◆ WHAT TO PRODUCE
Line by line, transcribe the data below exactly and pass over the images.

◆ PROVIDED DATA
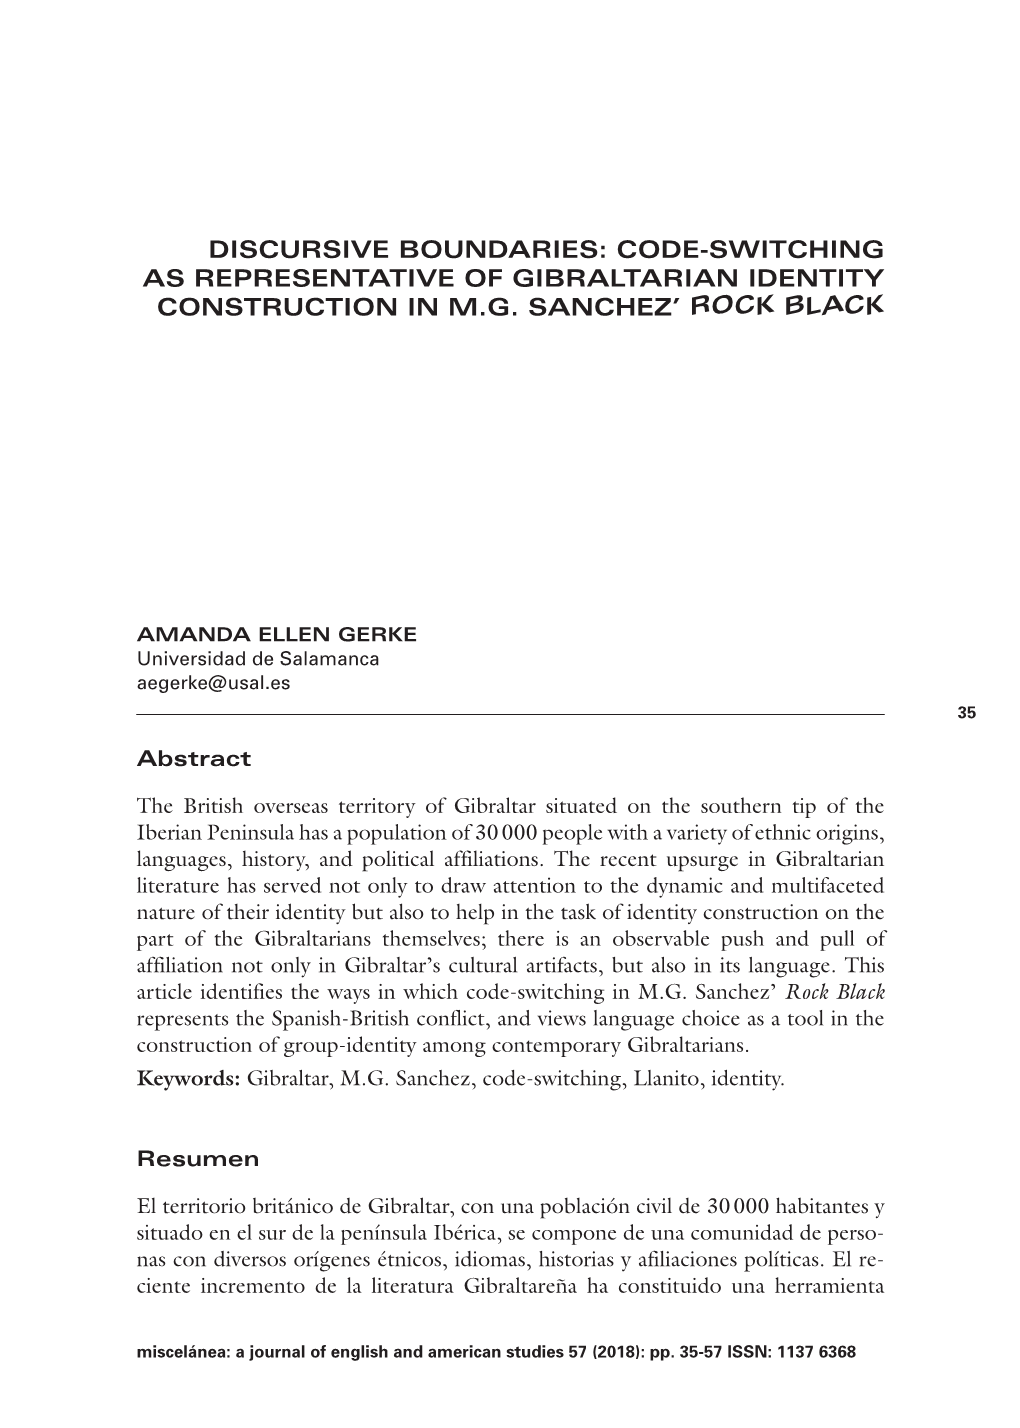 Code-Switching As Representative of Gibraltarian Identity Construction in M.G
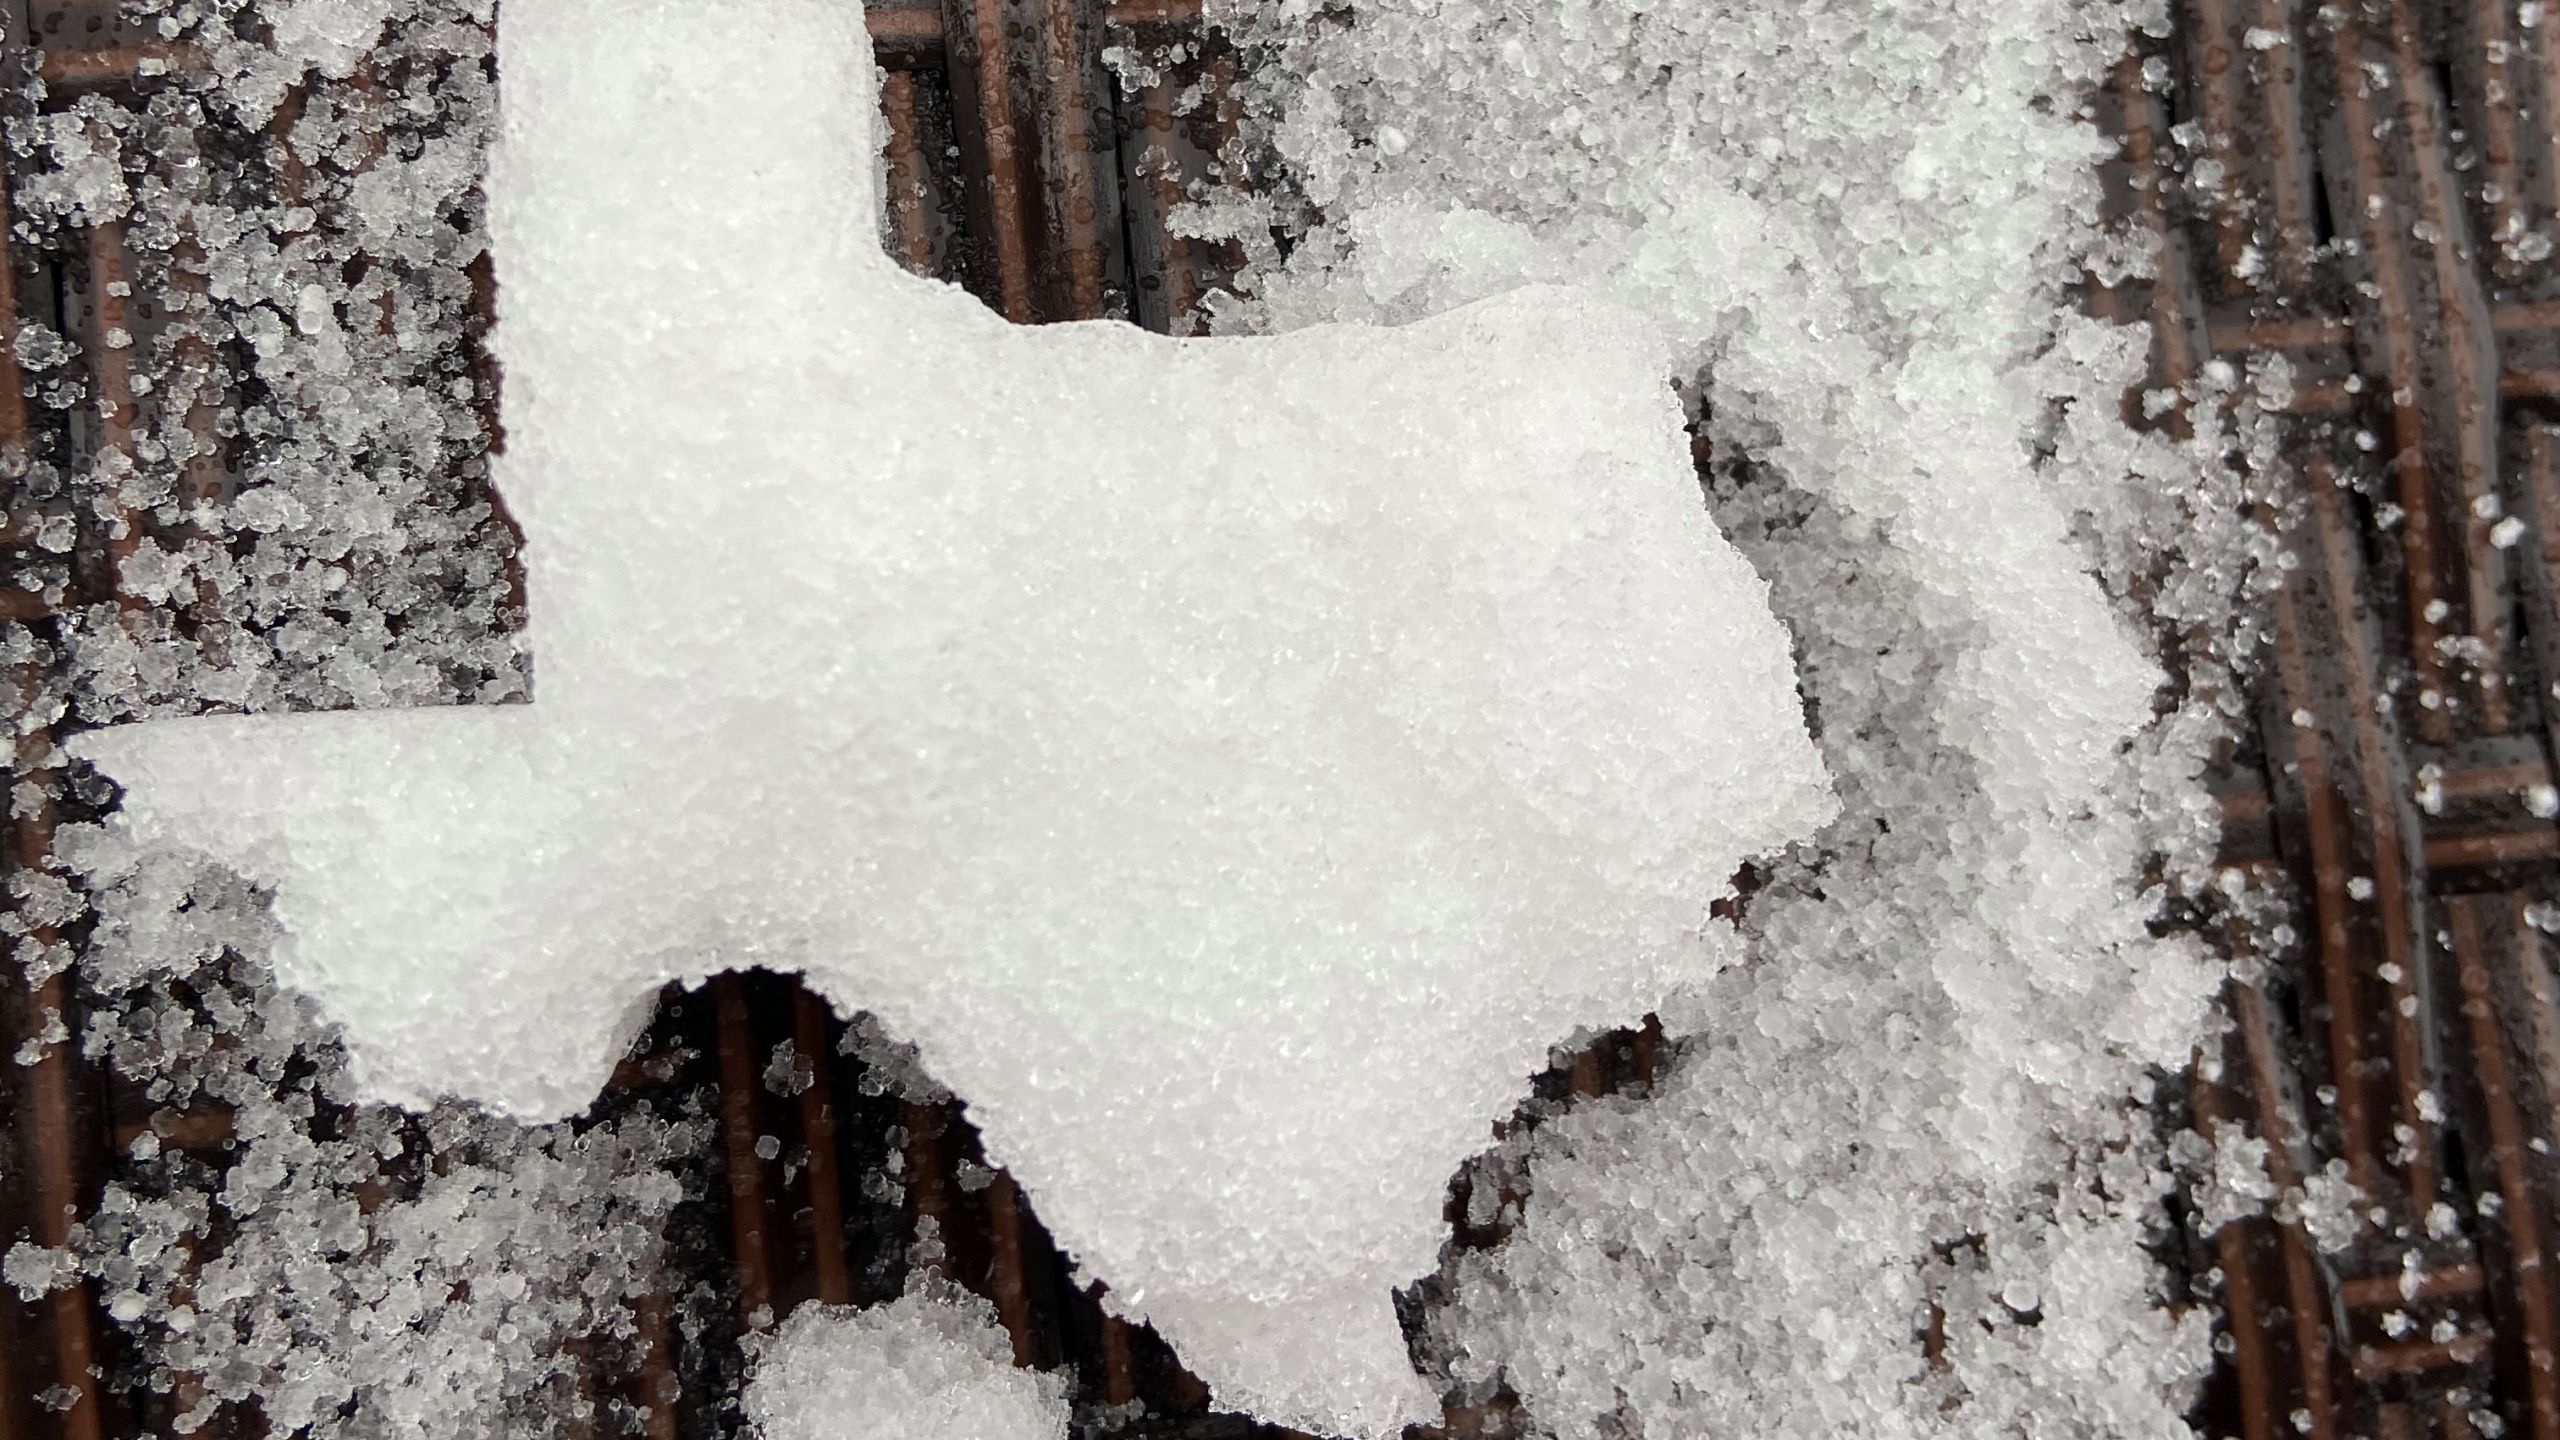 GALLERY: Central Texas turns into Winter Wonderland as Sunday storm moves through. KRQE News 13
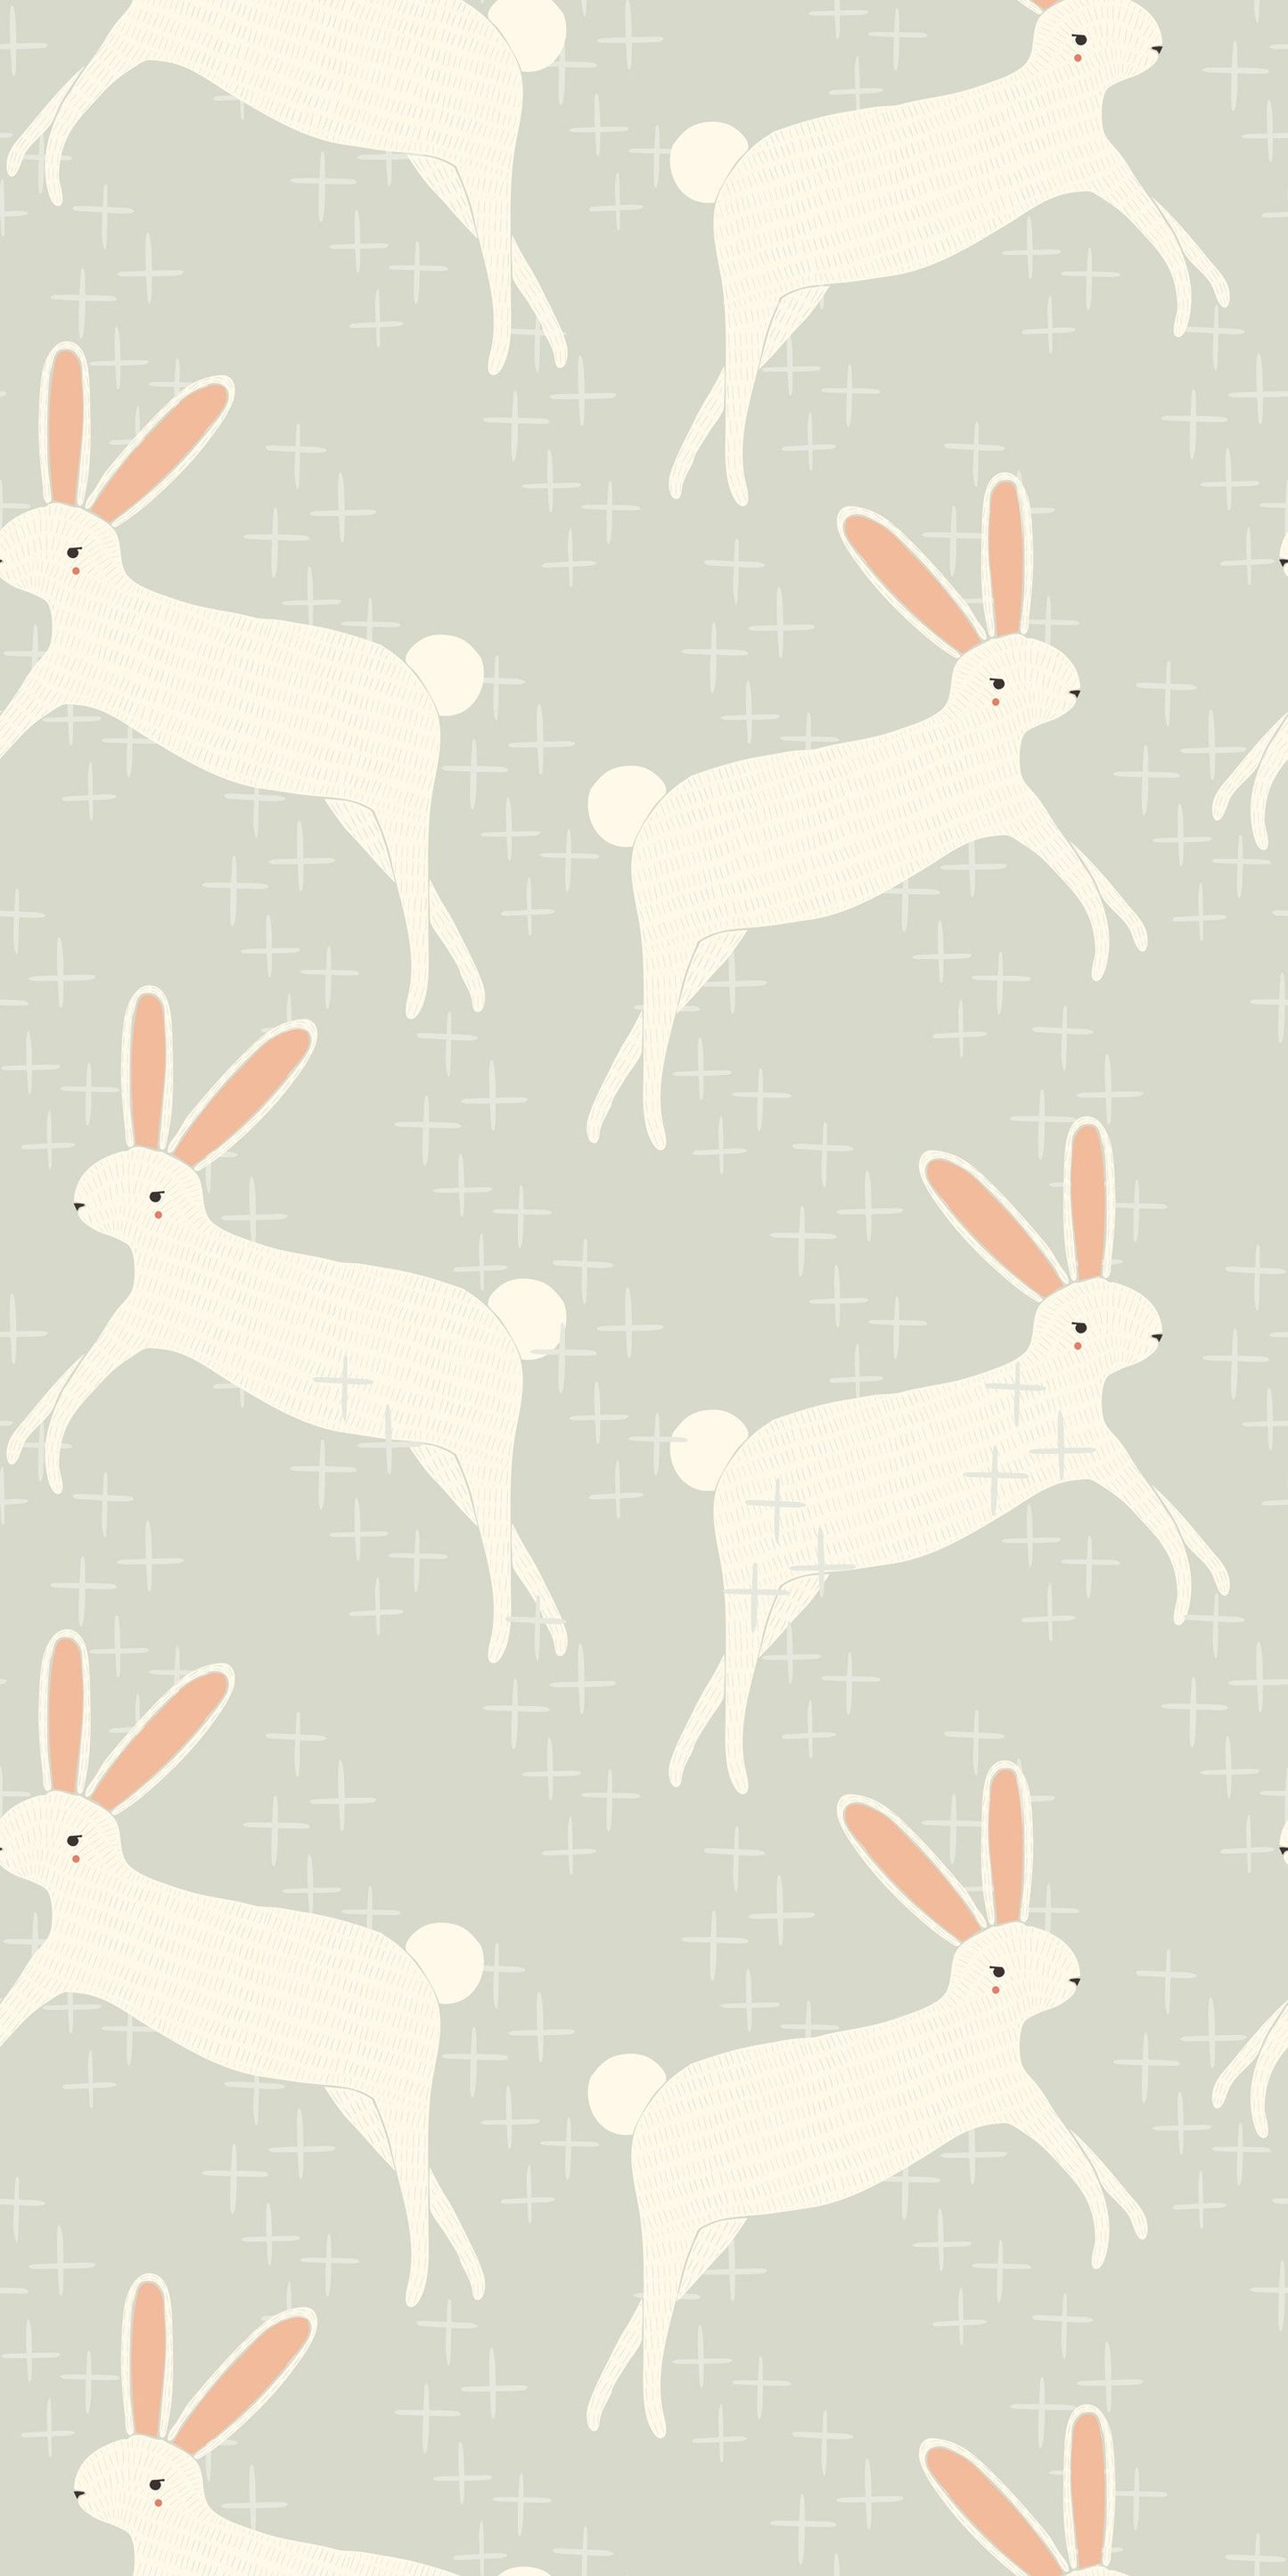 Leaping Bunnies

◆ COMPLETED TASK
 Code-Switching As Representative of Gibraltarian Identity Construction in M.G
 GALLERY: Central Texas turns into Winter Wonderland as Sunday storm moves through. KRQE News 13
 Leaping Bunnies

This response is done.